» Exercise data:

========================================================================

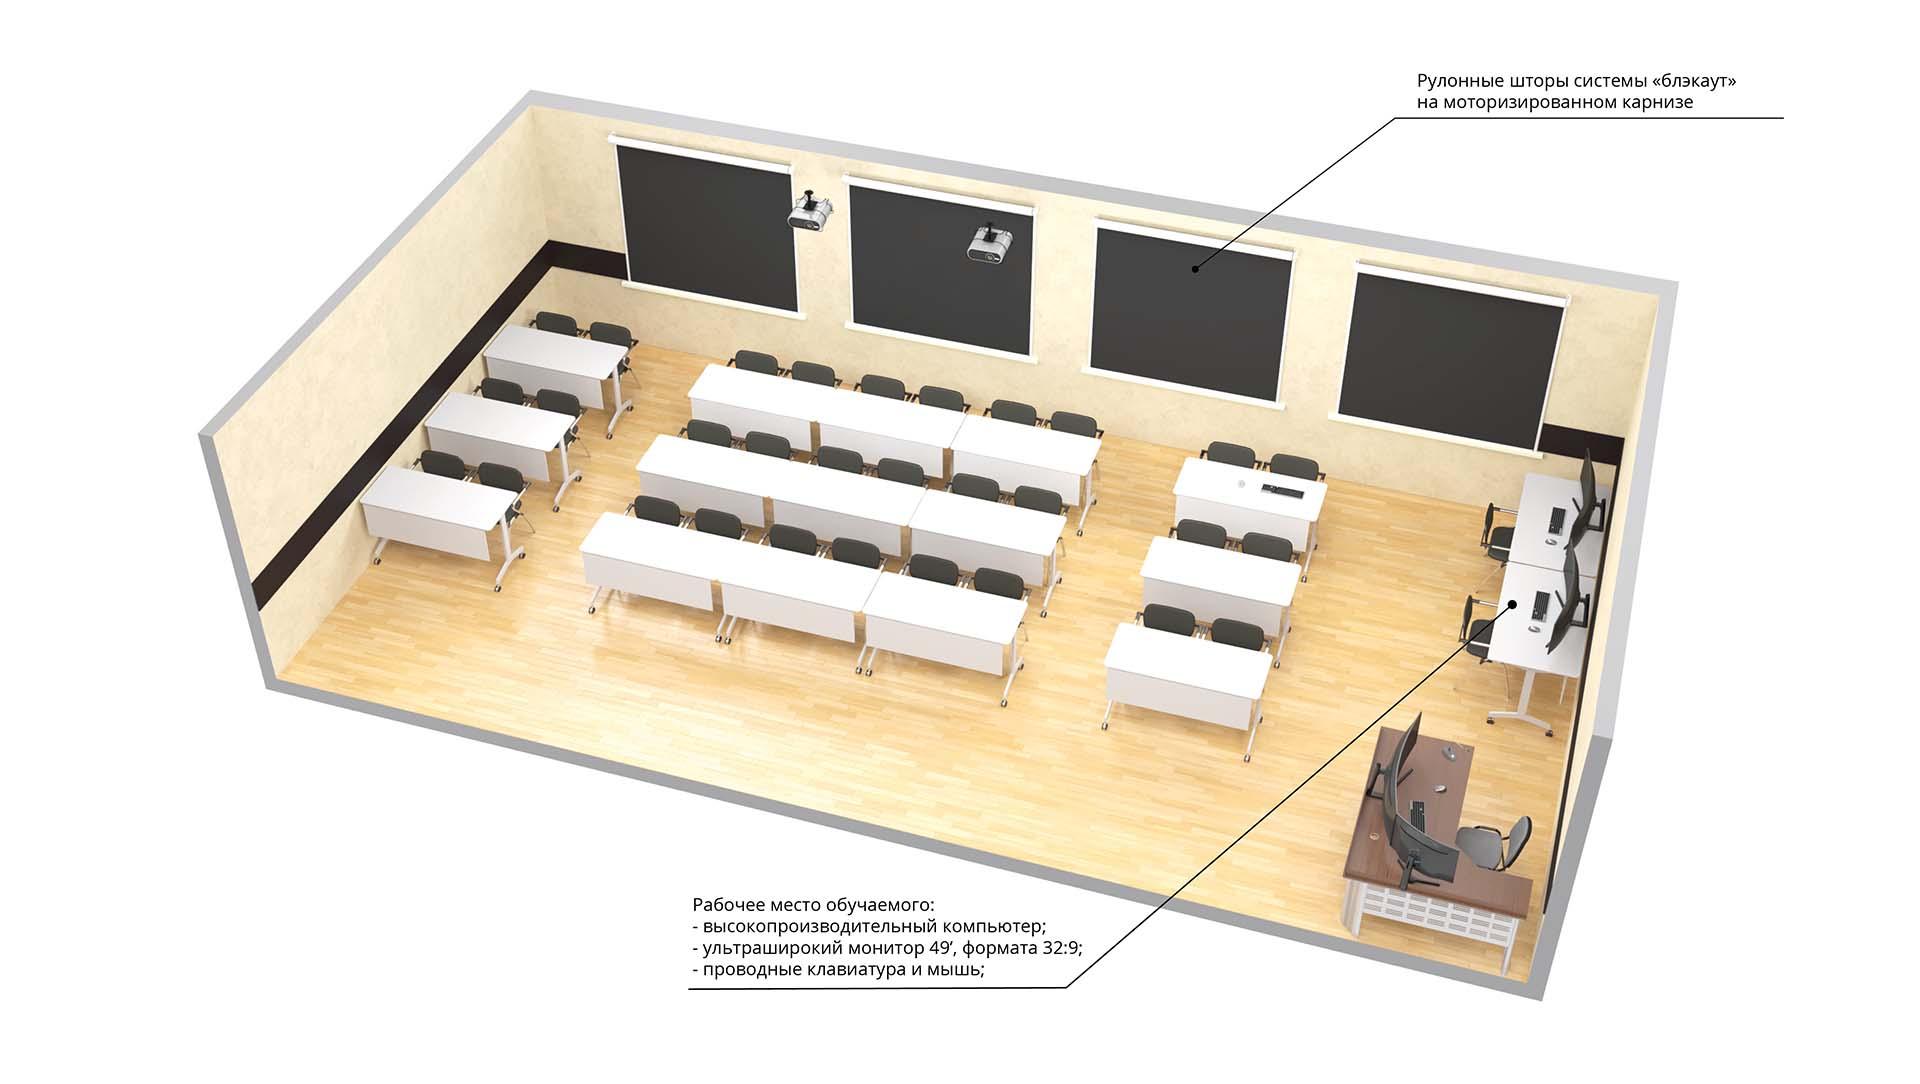 кабинет 2  Учебные кабинеты
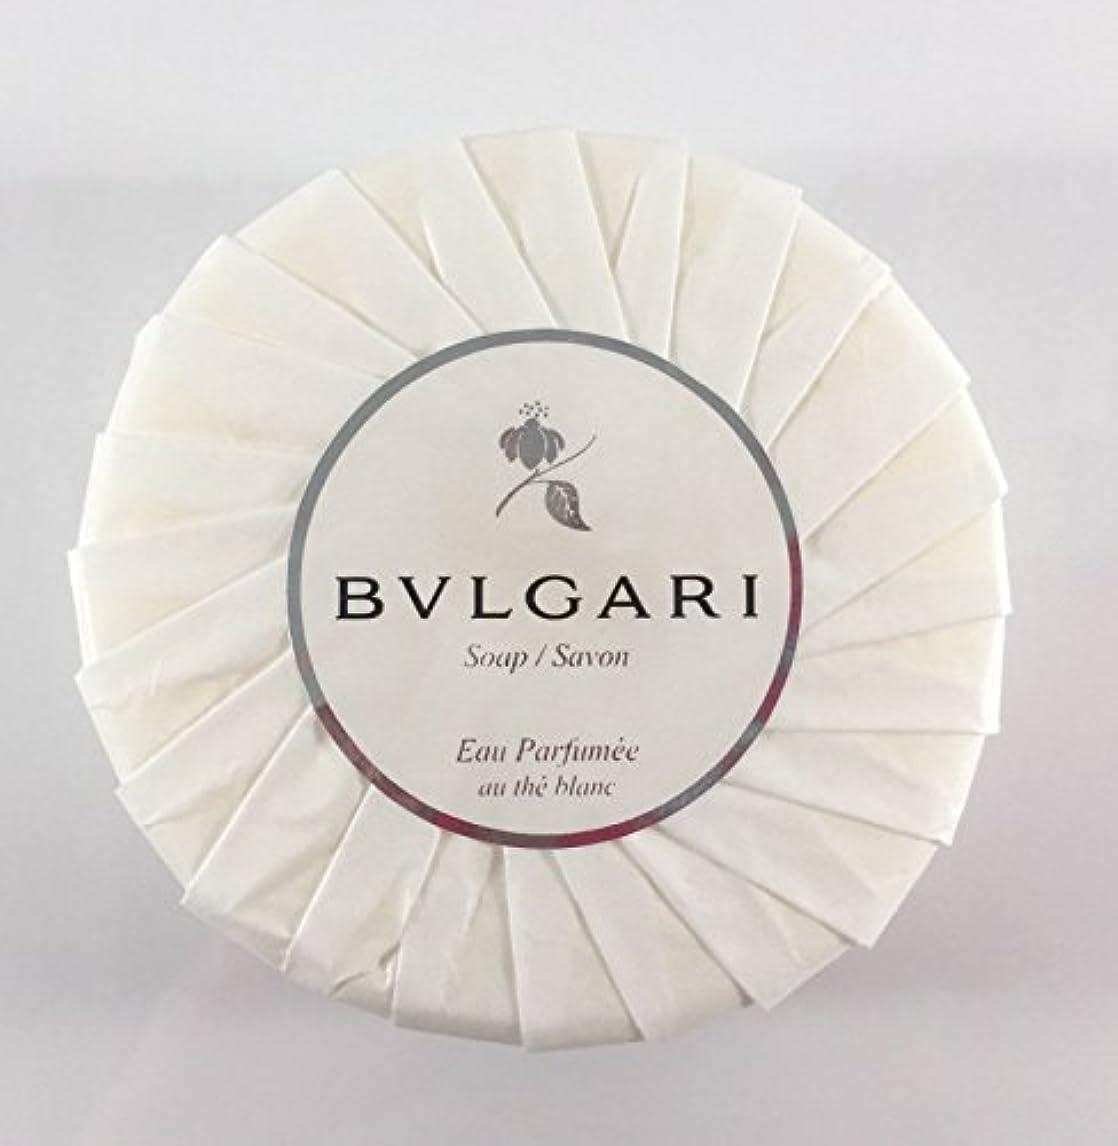 姿を消すセージ思い出すブルガリ オ?パフメ オーテブラン デラックスソープ150g BVLGARI Bvlgari Eau Parfumee au the blanc White Soap
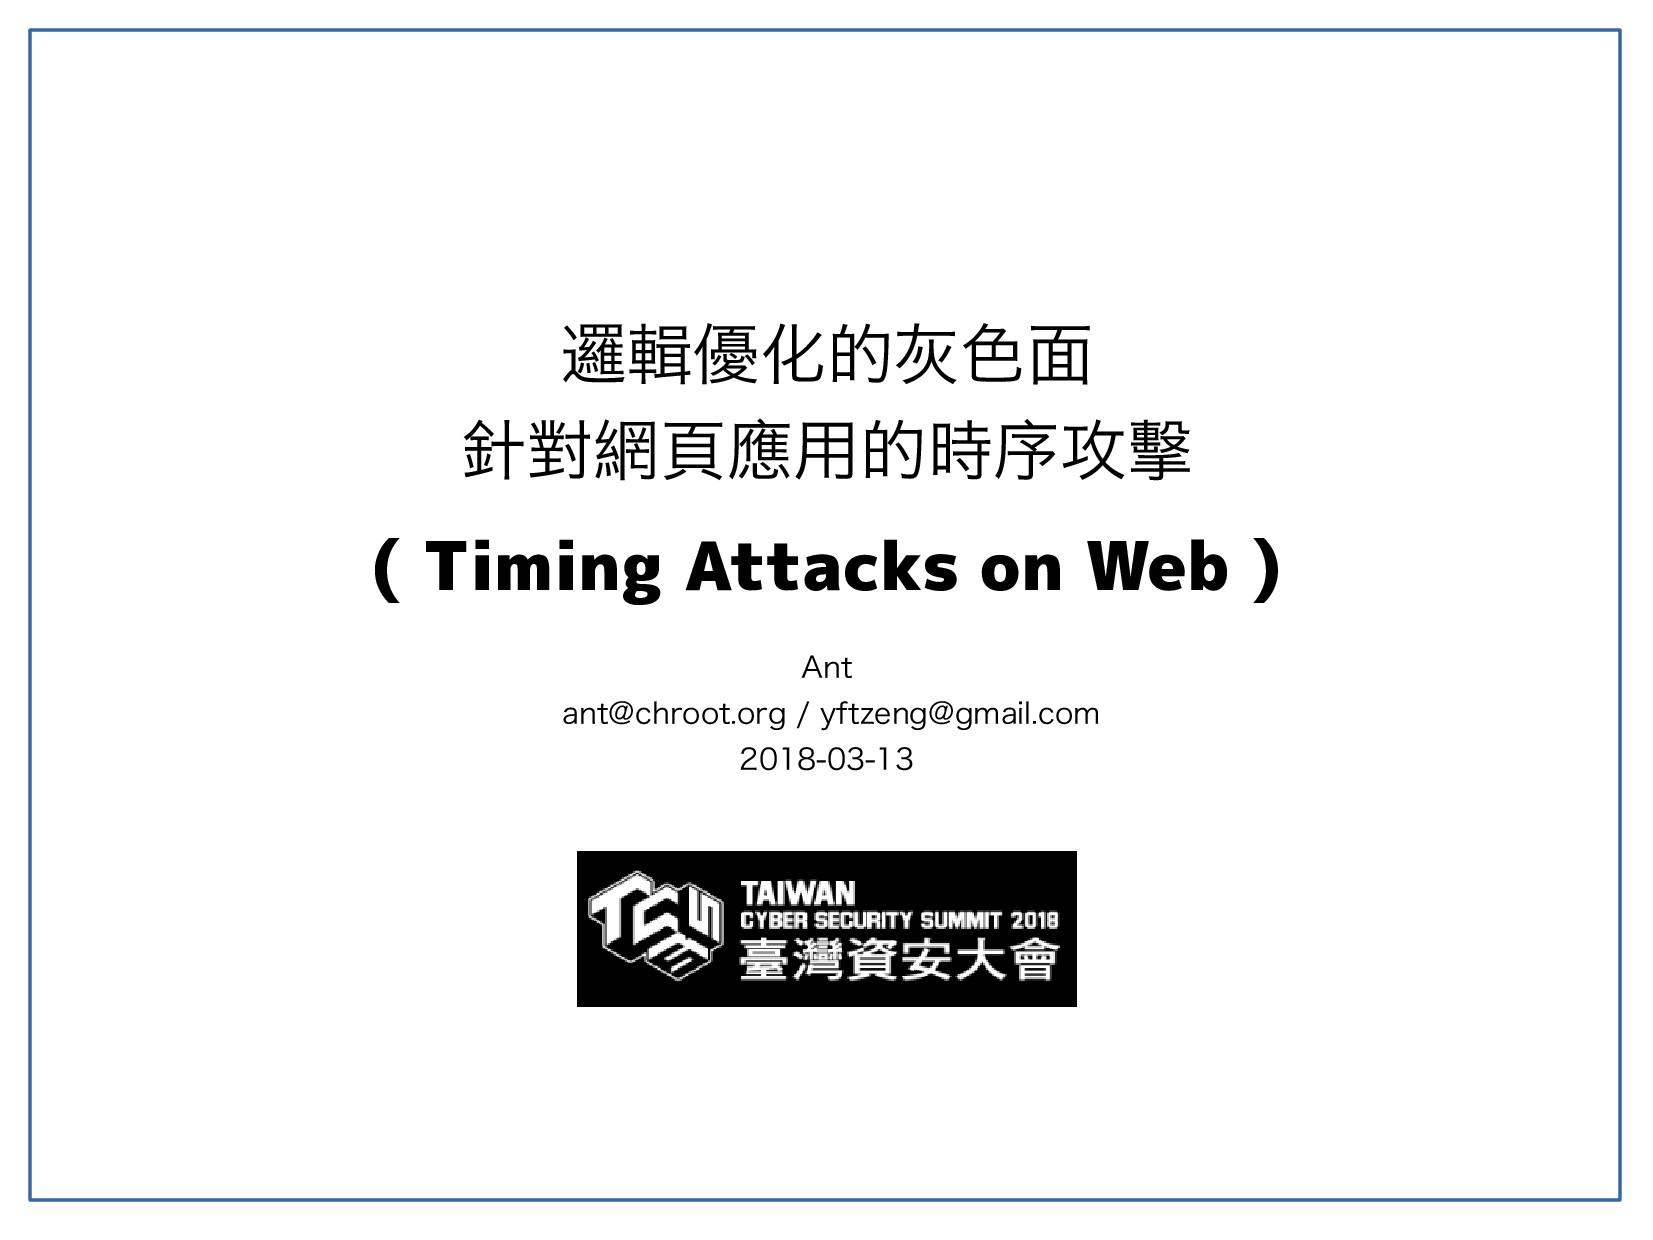 邏輯優化的灰色面 針對網頁應用的時序攻擊 ( Timing Attacks on Web ) ...

========================================================================

» Description of the task: Find the line holding "姿を消すセージ思い出すブルガリ オ?パフメ オーテブラン" in the data above. Retype it and every later line exactly, through the end, but not the pictures.

» Result for this exercise:
 姿を消すセージ思い出すブルガリ オ?パフメ オーテブラン デラックスソープ150g BVLGARI Bvlgari Eau Parfumee au the blanc White Soap
 邏輯優化的灰色面 針對網頁應用的時序攻擊 ( Timing Attacks on Web ) ...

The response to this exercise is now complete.